Wir glauben nun, diese Pflicht am besten zu erfüllen, indem wir im Nachstehenden den von Professor Esmarch soeben herausgegebenen und für Aerzte, welche Samariterschulen gründen wollen, bestimmten Leitfaden[1] theilweise citiren. Mögen sich unsere Leser dadurch veranlaßt fühlen, dort, wo Samariterschulen bereits bestehen, denselben beizutreten und, wo sie bis jetzt noch fehlen, an der Agitation zur Gründung derselben den regsten Antheil zu nehmen.


1.0 Die erste Hülfe bei Verwundungen.

Schon einmal hat die „Gartenlaube“ von den großen Fortschritten, welche die moderne Chirurgie in der Behandlung der Wunden gemacht hat, ausführlich berichtet. (Vergl. Jahrg. 1881, Nr. 12.) Wir erinnern hier nur an die Entdeckung der Ursachen, durch welche die Eiterung und die Wundfäulniß hervorgerufen werden und welche stets in der Verunreinigung der Wunde durch mikroskopische Fäulnißerreger gesucht werden müssen, und an die von dem berühmten schottischen Chirurgen Lister[WS 1] eingeführte Methode der antiseptischen, das heißt fäulnißwidrigen Wundbehandlung, durch welche die von der Luft in die Wunde etwa gelangenden Fäulnißkeime getödtet und unschädlich gemacht werden. Nach dieser Methode, welche in dem oben angeführten Artikel der „Gartenlaube“ mit vollstem Recht als eine „Großthat der Humanität“ bezeichnet wurde, muß auch der Laie verfahren, wenn er genöthigt ist, bei plötzlichen Unglücksfällen einem Verwundeten die erste Hülfe zu leisten, und er wird die Grundsätze derselben am besten kennen lernen, wenn er erfährt, wie gegenwärtig von den Aerzten behufs einer Operation eine Wunde gemacht und wie diese Wunde verbunden wird.
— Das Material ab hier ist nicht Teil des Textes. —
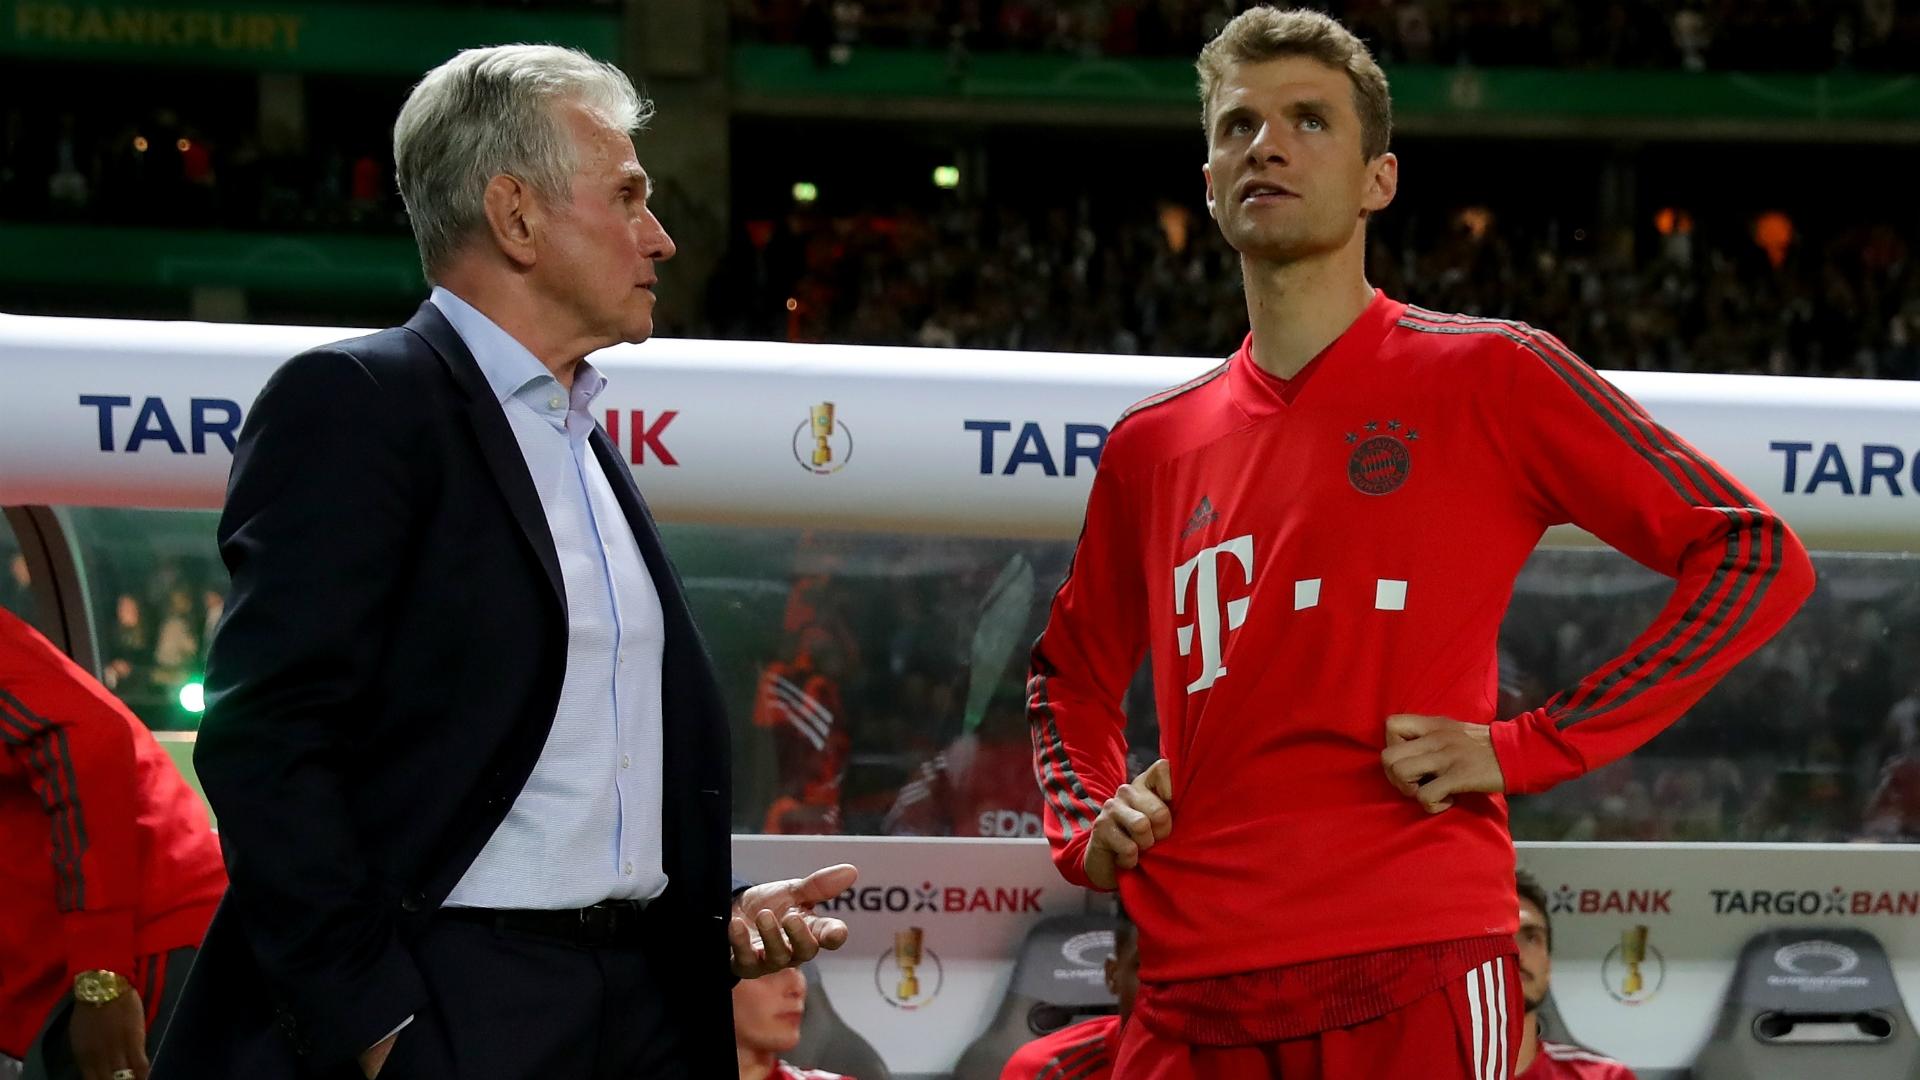 Jupp Heynckes and Thomas Muller - Bayern Munchen
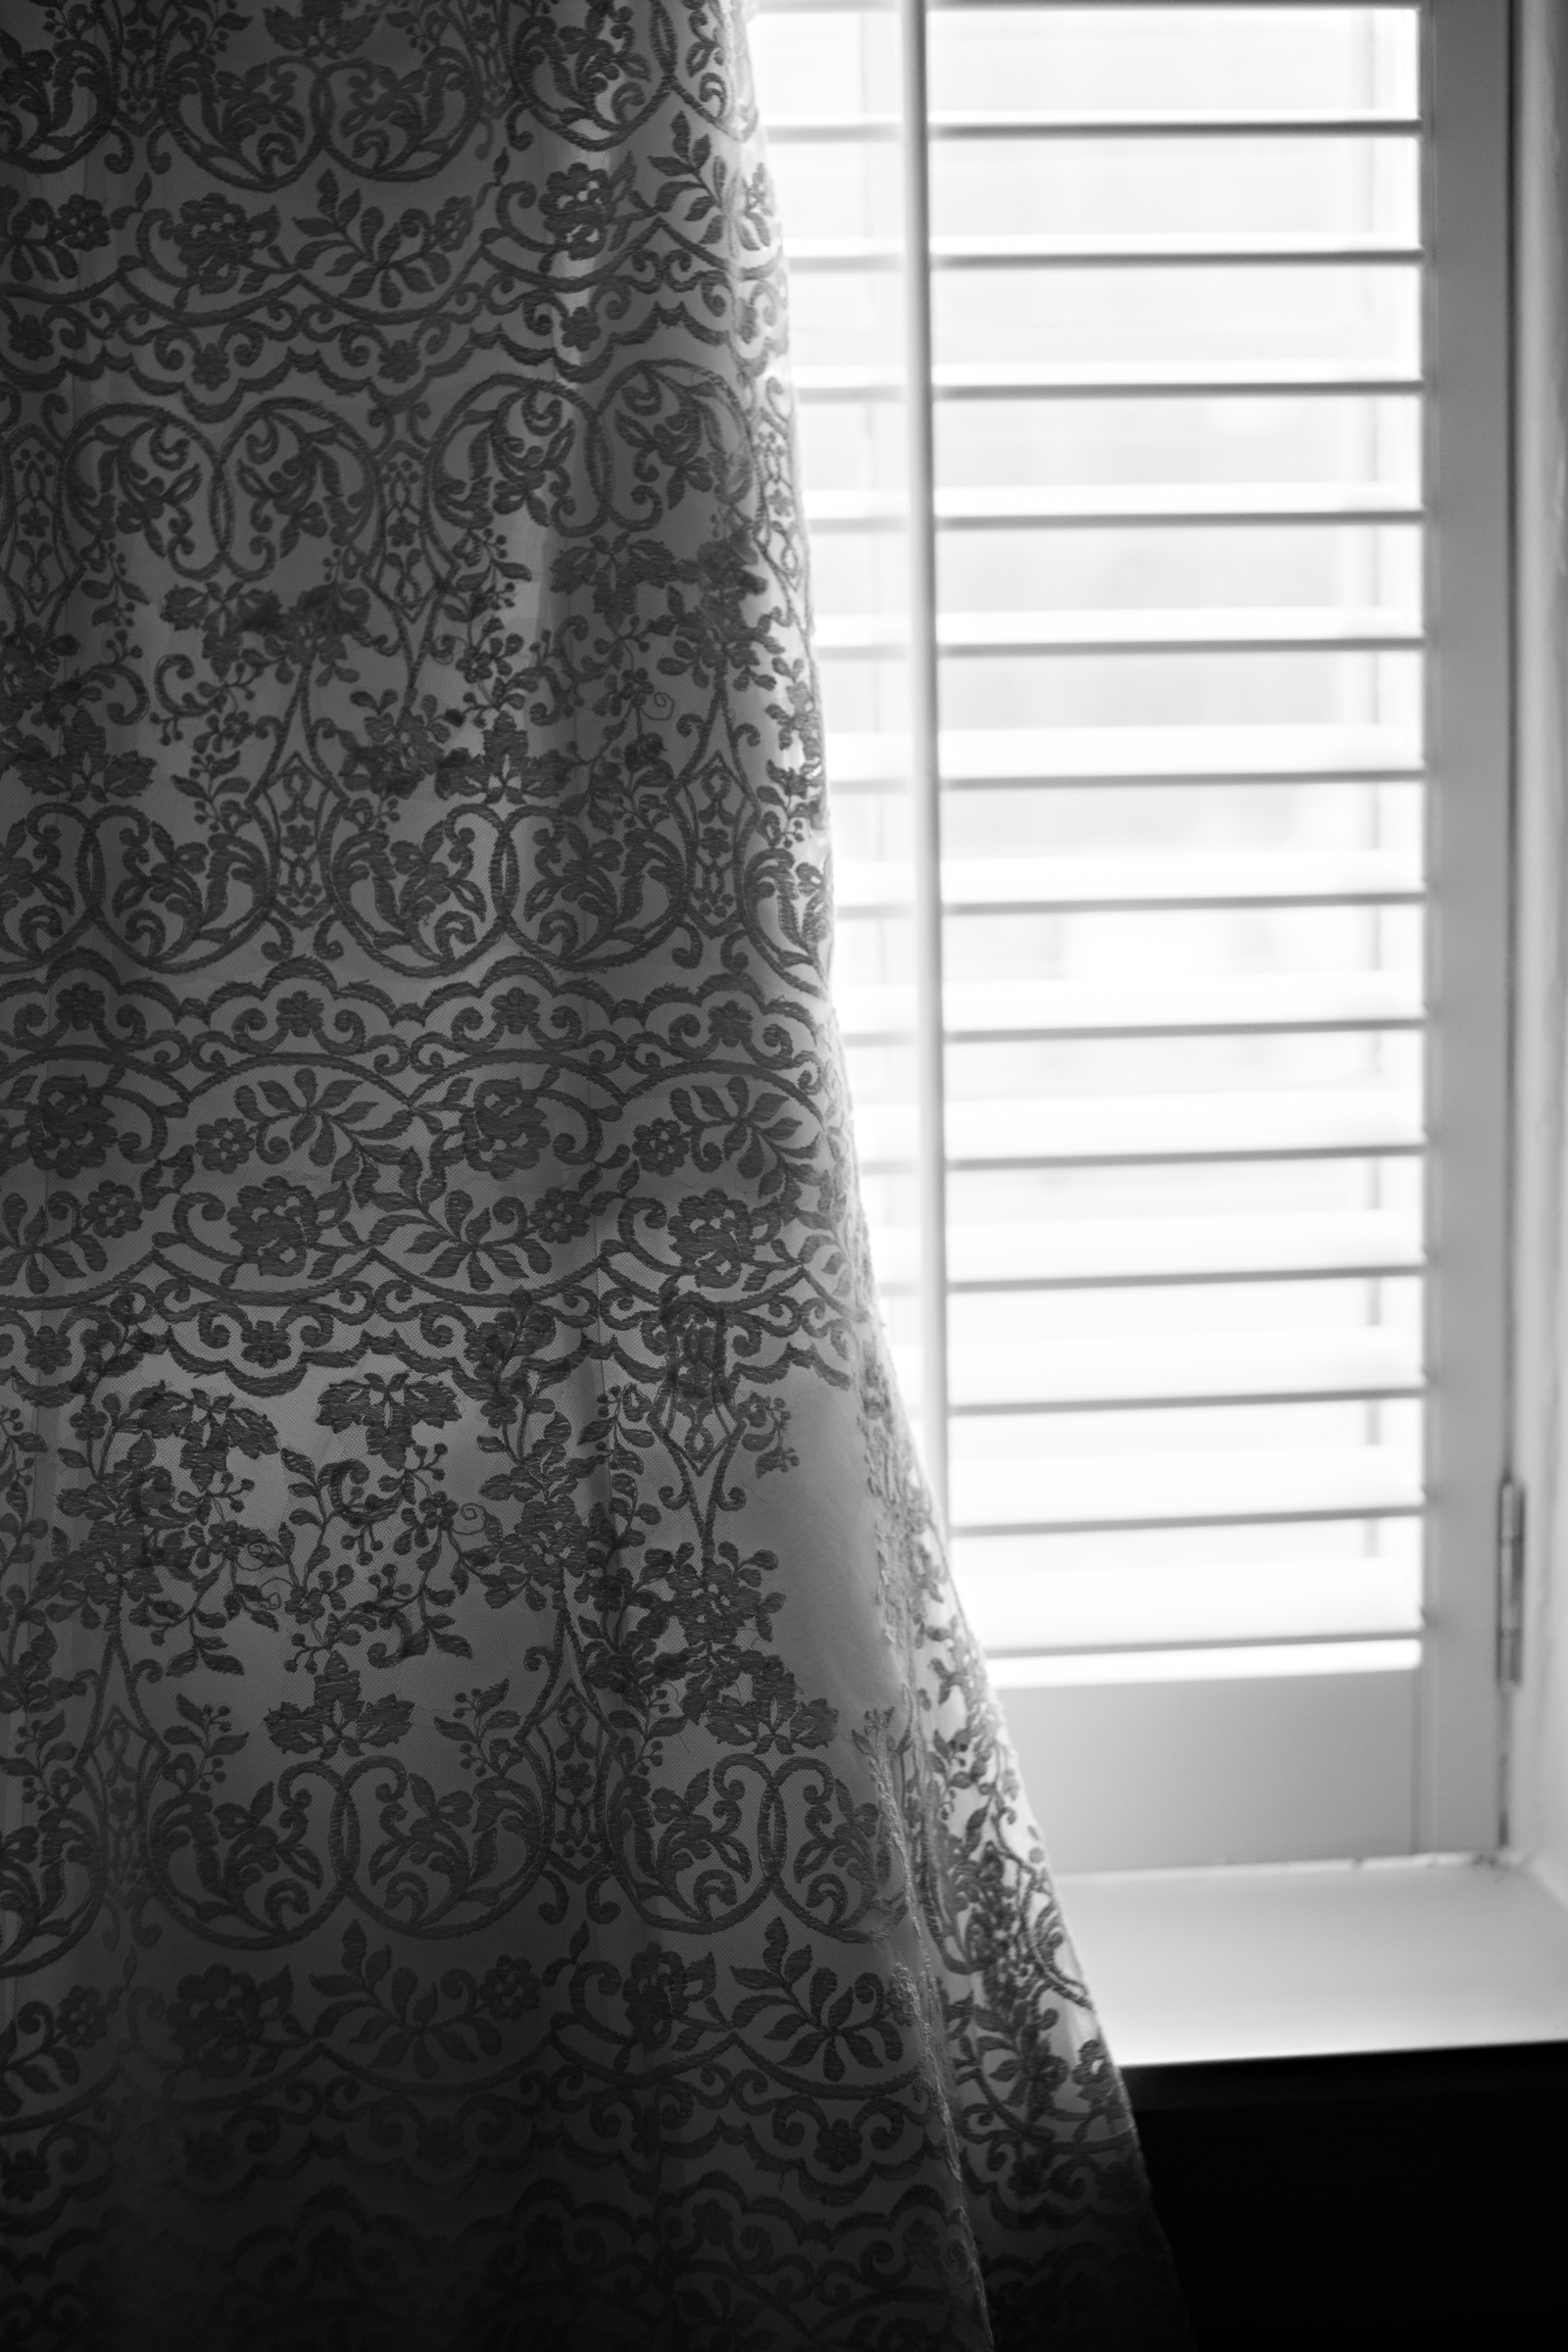 Ni ck-Drollette-Photography-Montgomery-Alabama-Weddings-105.jpg

Hören wir also, was hierüber Professor Esmarch in seiner Samariterschule vorträgt:

„Wenn die Aerzte z. B. irgendwo am Körper eine Geschwulst (eine Balg- oder Fettgeschwulst) fortnehmen müssen, so wird zunächst der Patient auf einem Tische bequem gelagert und durch Vorhalten einer mit Chloroform benetzten Gazemaske betäubt. Unterdessen waschen sich nicht blos der Operateur, sondern auch seine Assistenten und Alle, welche bei der Operation Hülfe zu leisten haben, die Hände und Arme auf das Sorgfältigste mit Seife und Bürste und spülen sie darnach gründlich mit Carbolwasser ab. Alle Instrumente, Schwämme und sonstige Utensilien, welche bei der Operation gebraucht werden, müssen vorher noch einmal gründlich gereinigt und dann in Carbolwasser eingetaucht werden. Ehe die Operation beginnt, wird mit Hülfe eines Zerstäubers (Refraicheurs, Sprühapparats) ein starker Nebel von Carbolwasser erzeugt, welcher während der ganzen Operation und bis zur Beendigung des Verbandes sich sowohl auf den Patienten, wie auch auf den Operateur und alle Umstehenden niedersenkt und sie bei langer Dauer nicht selten durchnäßt. Er tödtet die in der Luft schwebenden Keime der Fäulnißerreger, ehe sie sich auf die Wunde niedersenken. Auch der Körpertheil, an welchem die Operation vorgenommen werden soll, wird vorher durch Rasiren, durch Bürsten mit Seife und durch Waschen mit Aether und Carbollösung auf das Gründlichste gereinigt.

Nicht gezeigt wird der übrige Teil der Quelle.